It’s not called “The Big Change” for nothing.

When menopause strikes, changes come in many shapes and forms, both surprising — how our voices sound — to unsurprising, like how the ovaries work.

But new research has found the reproductive system goes through a surprising change that’s detrimental to women’s health in the long run.

Menopause is marked as the moment when the ovaries stop producing eggs for 12 consecutive months, prompting researchers to believe this meant the system just shut down completely.

Instead, a study published in Molecular Human Reproduction found that rather than retiring, the ovaries undergo a career change of sorts.

Looking at the ovaries of mice, the researchers found that as they aged, the reproductive glands became filled with immune cells that produced pro-inflammatory signals.

However, this could mean bad news for aging bodies, as low-grade chronic inflammation is linked to age-related diseases, as it damages tissue over time.

Even after they’ve stopped producing eggs, the ovaries don’t stop working and instead shift to take on the role of an immune-like inflammatory organ.

They also show increased production of various immune cells, and undergo “inflammaging,” or the long-term inflammation that develops with old age.

Inflammation is good for us — to a certain extent.

“In a healthy situation, your immune system fights off the infection, eliminates the cancer cells, and the job is done,” Dr.
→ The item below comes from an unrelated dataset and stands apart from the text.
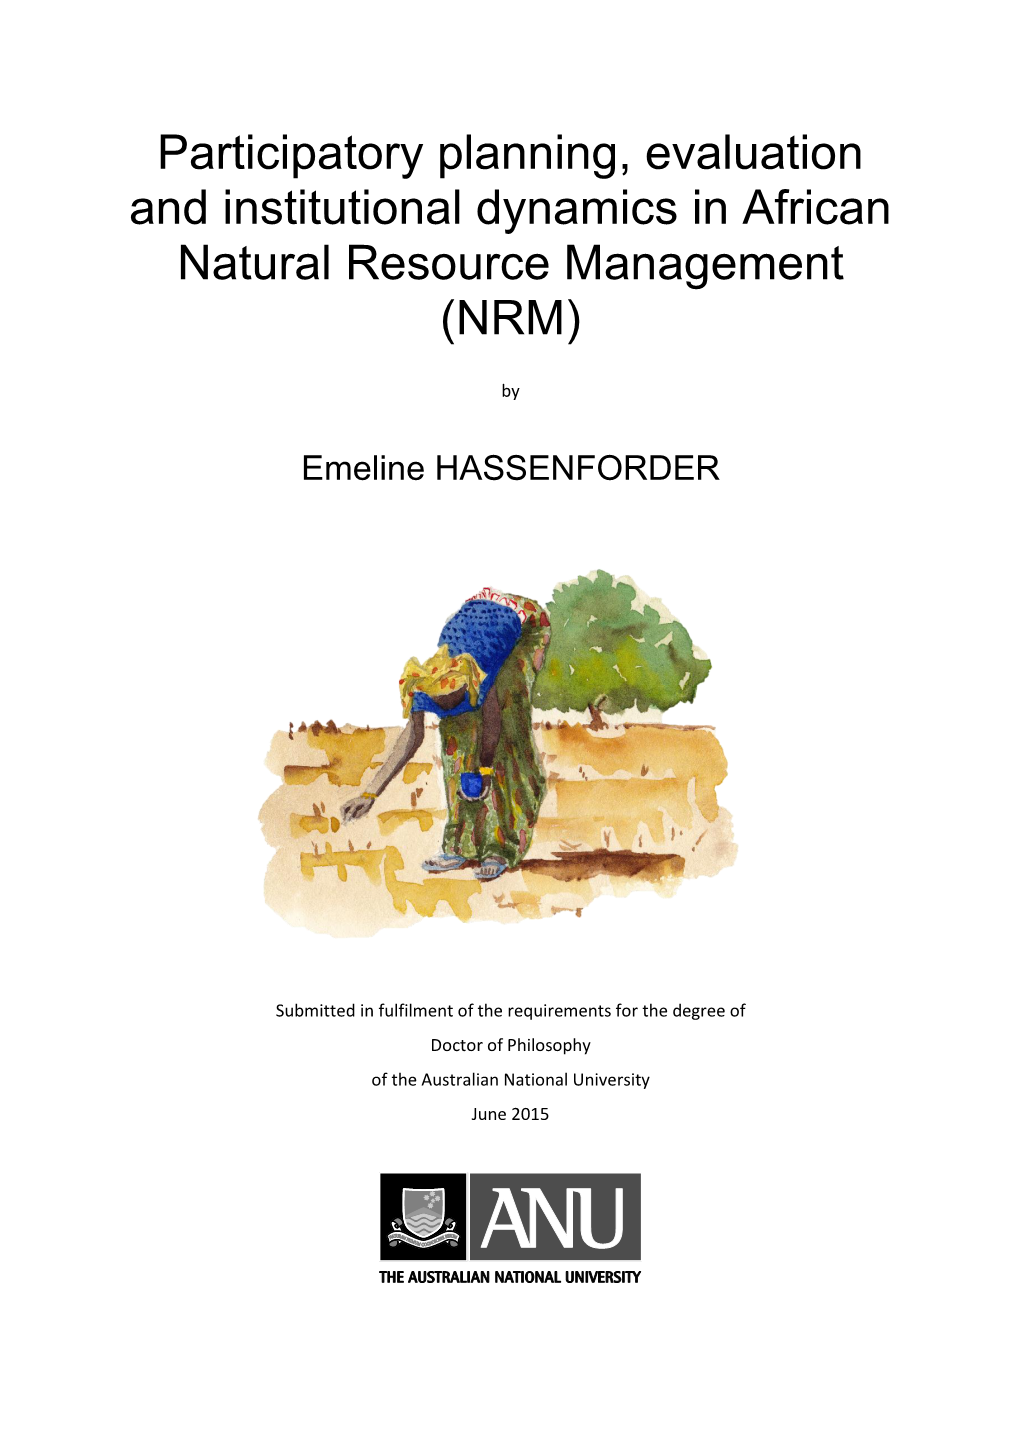 Participatory Planning, Evaluation and Institutional Dynamics in African Natural Resource Management (NRM)

Brian Brown, director of the Icahn Genomics Institute at Mount Sinai in Manhattan, previously told The Post. “And then it shuts itself off.”
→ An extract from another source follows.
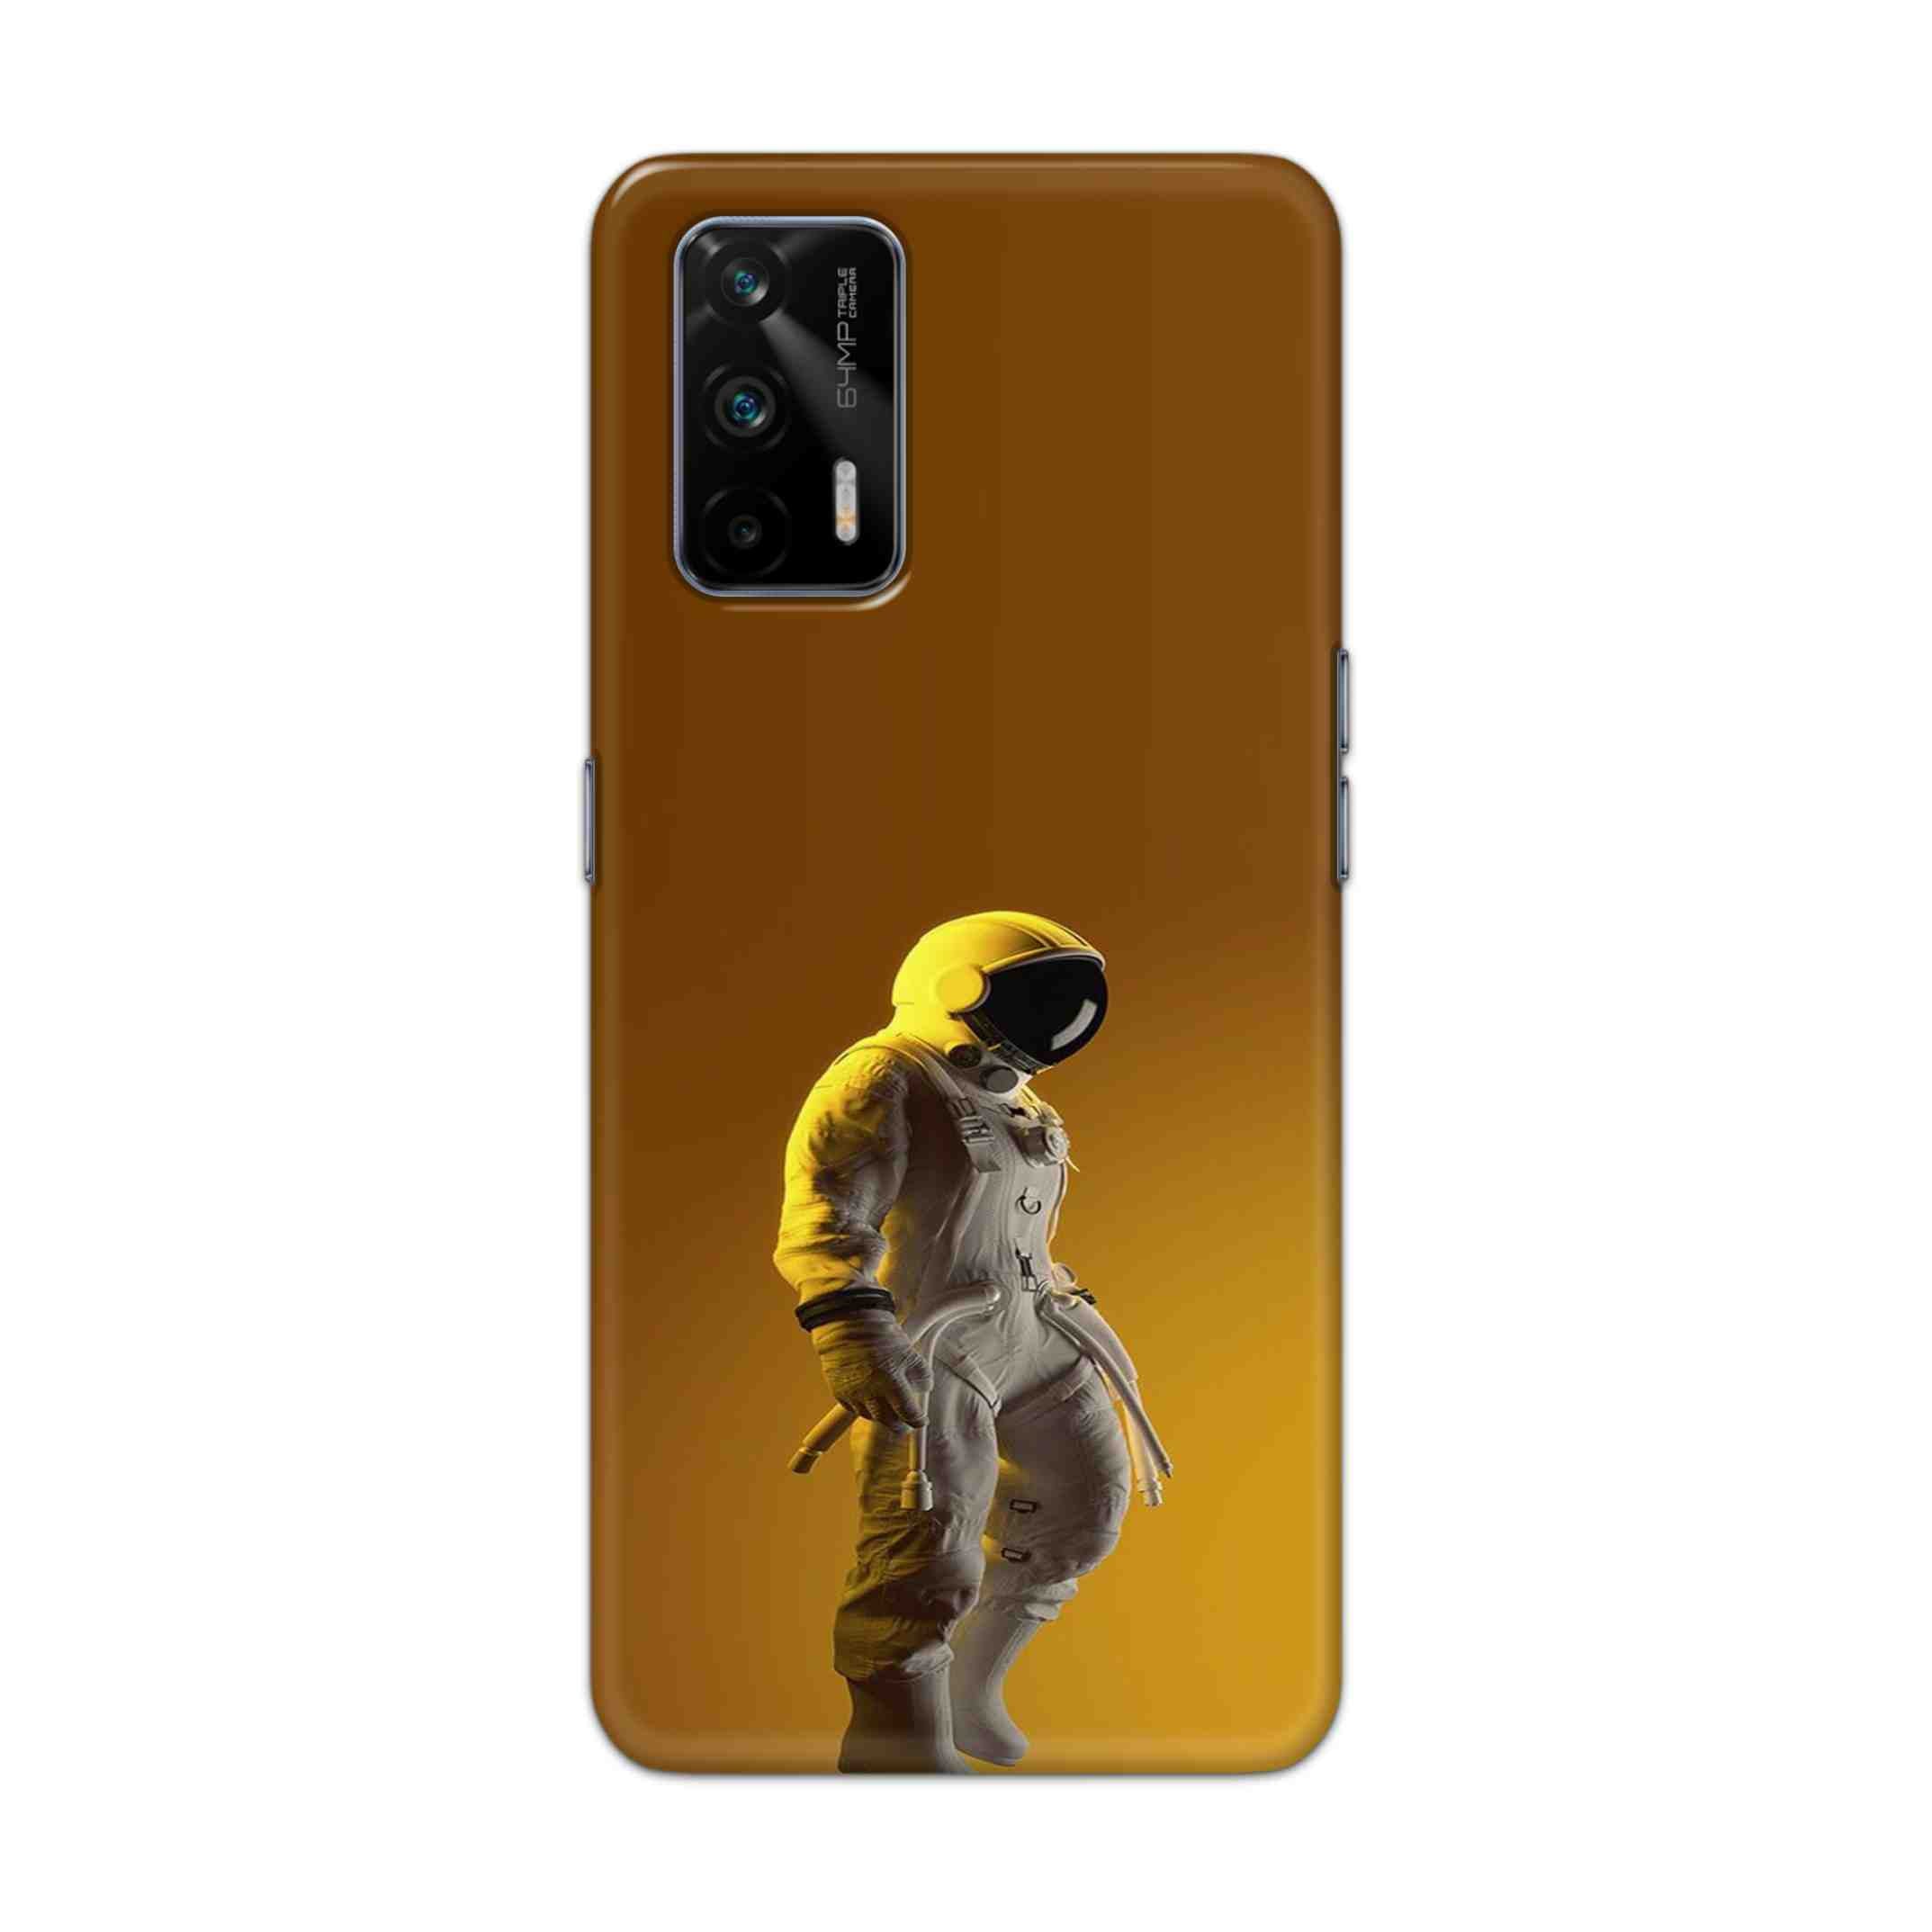 Buy Yellow Astronaut Hard Back Mobile Phone Case Cover For Realme GT 5G Online

But unlike acute inflammation that develops over a cut, the persistent immune response can be an underlying factor in several age-related conditions like cardiovascular disease, Alzheimer’s, arthritis and type 2 diabetes.

Inflammaging also explains why cancer diagnoses drastically increase after the half-century mark, with 90% of cancers coming up after age 50.

White blood cells keep churning out cytokines, which leads to a constant state of inflammation, making it more difficult for the immune system to detect and attack cancer cells. 

And inflammation changes as we age.

“Particularly after the age of 40, our bodies have more difficulty dampening down the inflammation,” Brown said.

While the ovarian study was conducted on mice, which don’t mimic the human body, there’s a similar evolutionary history that can offer hints and evidence of what goes on.

The findings of the study are a breakthrough for post-reproductive women or those who have had their ovaries removed, however it also brings about questions for healthcare in aging women.

“These findings challenge the assumption that the post-reproductive ovary is inert, instead indicating that it acquires an immune identity with potential endocrine and paracrine influence on whole-body aging,” study lead Francesca Duncan said.